El esfera religiosa de la existencia humana es la más proclive al fanatismo, y, curiosamente, se da más en los monoteísmos, porque cuentan con Escrituras sagradas. Y porque las creencias se derivan de dichas Escrituras, aquellas adquieren un valor absoluto, indubitable, incuestionable, para el creyente. La historia de las religiones así lo confirma. Dice Luís Álvarez Varcálcel que “cuando una creencia se instala en nosotros de forma sólida, nuestra mente no tiene en cuenta las experiencias que no casan con ella. Una vez que creemos en algo, tendemos a ignorar las evidencias en contra y aceptamos sólo aquella información que refuerza esa creencia” (Cerebro, Mente y conciencia). Y esto ocurre independientemente de la formación académica que tenga el sujeto.

La fe –que es otra cosa diferente a la creencia– sin embargo, es siempre búsqueda porque hurga en el Misterio, siempre cercano pero inmanipulable y, a la vez, siempre lejano pero sentido en lo más profundo del alma humana. Las creencias son formulaciones de lo intuido elevadas a dogmas, y estos fanatizan e instan a la confrontación e incluso al odio; por eso se llega incluso a matar por las creencias. La fe, por el contrario, invita a caminar juntos en la búsqueda de la espiritualidad, asumiendo la diversidad en el respeto.
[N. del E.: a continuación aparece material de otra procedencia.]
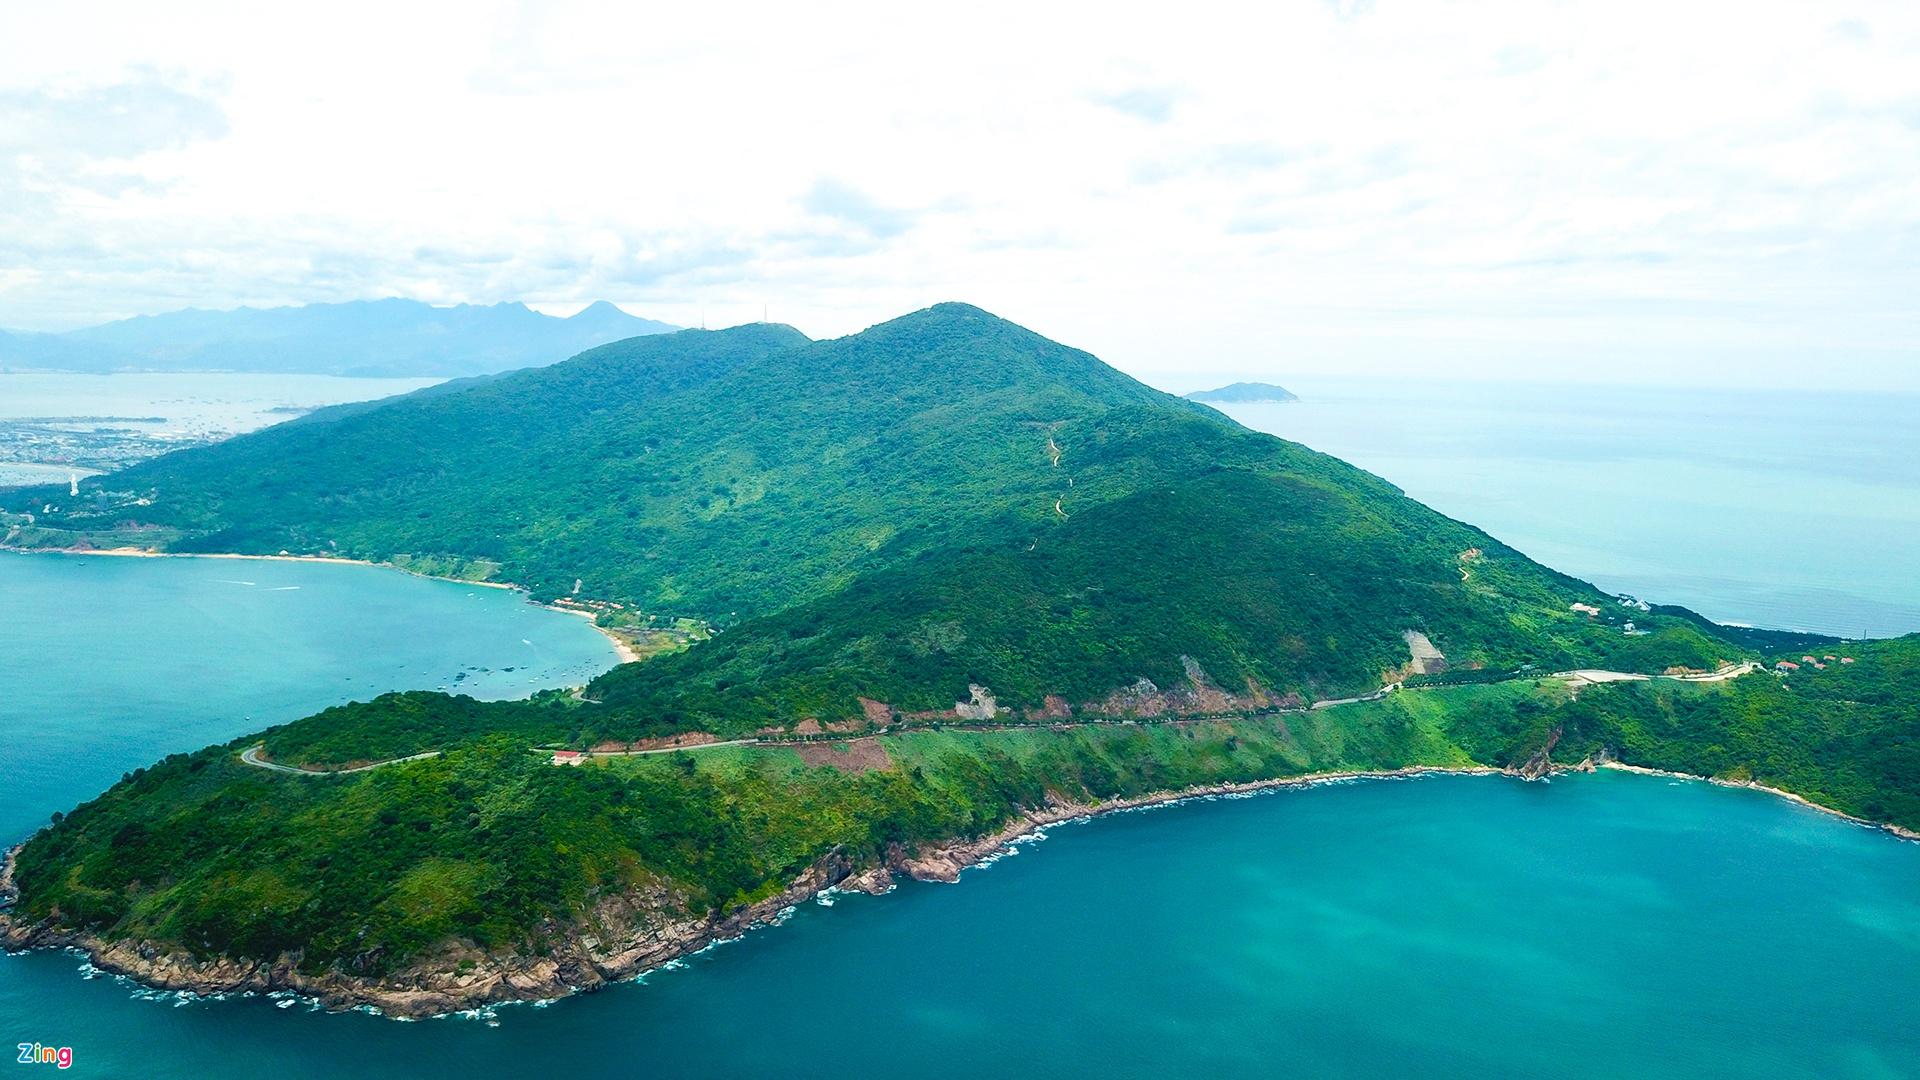 Bốn dự án lớn trên Bán đảo Sơn Trà Đà Nẵng được xác định lại giá đất - Ảnh 1.

En el documental emitido que vengo citando no están representados los “Evangélicos” (¡ni las Iglesias de Cristo!), pero no hubiera cambiado nada el análisis. Estos también hubieran expresado lo que ellos piensan acerca de Dios, y que lo que hacen o dejan de hacer “es” lo que a Dios le agrada. En el fondo no dejaría de ser otra imagen de Dios distinta a la de los otros grupos. El problema es que cualquier imagen que nos hagamos de Dios no deja de ser un ídolo. El Dios-Creador, Uno y Único, debe ser Algo –Alguien– distinto a cualquiera de las imágenes que los seres humanos –también los cristianos– nos hacemos de Él. Los místicos, de cualquier creencia o religión, no suelen hablar de lo que es Dios, se limitan a decir “lo que no es”. Jesús tampoco disertó acerca de Dios, dejó que sus oyentes lo “palparan” a través de sus obras y su actitud ante la vida y hacia las personas. Lo que tiene de “religioso” las diferentes imágenes de Dios suplanta a la naturaleza del “reino de Dios” que el Galileo predicó e hizo vida con su vida. Un reino que, según el Apóstol de los gentiles, no consiste en comida ni en bebida (es decir, en religión), sino en poder y virtud en el Espíritu Santo; o sea: espiritualidad testimonial y existencial, que es distinto a “espiritualismo” religioso.